Elle financera l'essentiel des mesures auparavant prévues à la ligne budgétaire unique (LBU) du chapitre 65-01 : prêts à la construction de logements neufs, aides à l'accession, soutiens à l'amélioration de l'habitat.

- une action « accompagnement des politiques urbaines d'aménagement », dotée de 10 millions d'euros en autorisations de programme et de 2 millions d'euros en crédits de paiement, qui aura pour objet le financement de la prime à l'aménagement des quartiers (PAQ) ;

- enfin, une action « résorption de l'habitat insalubre », à laquelle sont alloués 30 millions d'euros en autorisations de programme et 21 millions en crédits de paiement.

CRÉDITS EN FAVEUR DU LOGEMENT SOCIAL

(chapitre expérimental 69-03)

Libellé des actions

Autorisations de programme

(en millions d'euros)

Crédits de paiement

(en millions d'euros)

Logement social

230

150

Accompagnement des politiques urbaines d'aménagement

10

2

Résorption de l'habitat insalubre

30

21

TOTAL

270

173

Source : PLF pour 2005.

Au total, pour 2005, les crédits consacrés au logement social sont, avec un montant de 270 millions d'euros en autorisations de programme, en légère baisse par rapport à 2004 (287,5 millions d'euros). Ils sont cependant entièrement reconduits en crédits de paiement à 173 millions d'euros.

Il convient de noter que cette réduction intègre les effets de la réforme du prêt à taux zéro (PTZ), prévue par le projet de loi de finances pour 2005, qui vise à remplacer le dispositif actuel par un crédit d'impôt. La transformation de cette dépense budgétaire en une dépense fiscale représente une économie de 12 millions d'euros sur la ligne budgétaire unique.
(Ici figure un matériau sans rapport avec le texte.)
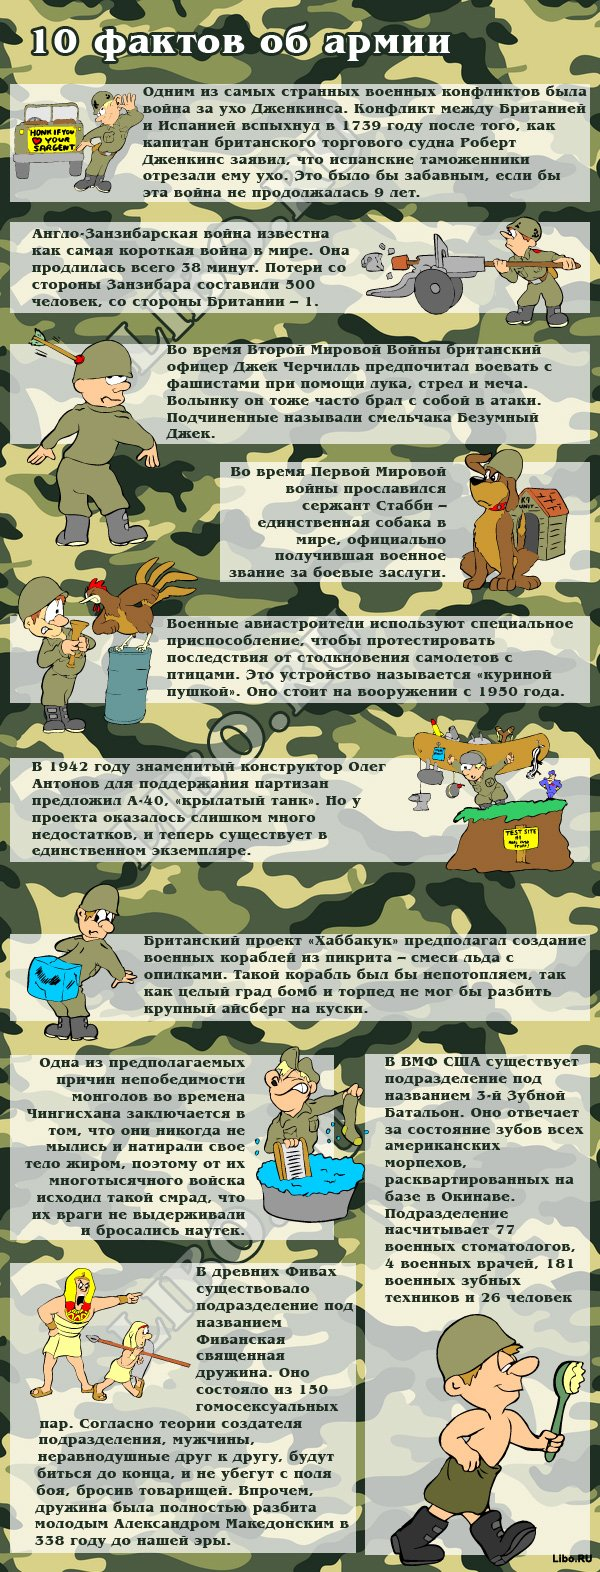 10 фактов об армии

Cependant, votre rapporteur pour avis ne saurait passer sous silence les effets négatifs des annulations de crédits ou gels opérés en cours d'année budgétaire sur la production de logements sociaux, mais également sur le tissu économique outre-mer.

Ainsi, en ce qui concerne la Martinique, le gel des crédits de la LBU a mis en grande difficulté des centaines d'entreprises artisanales. Des annulations et des gels concernant 13,2 millions d'euros ont engendré de graves difficultés dans la réalisation des programmes en cours, suscitant les plus vives inquiétudes chez les opérateurs sociaux.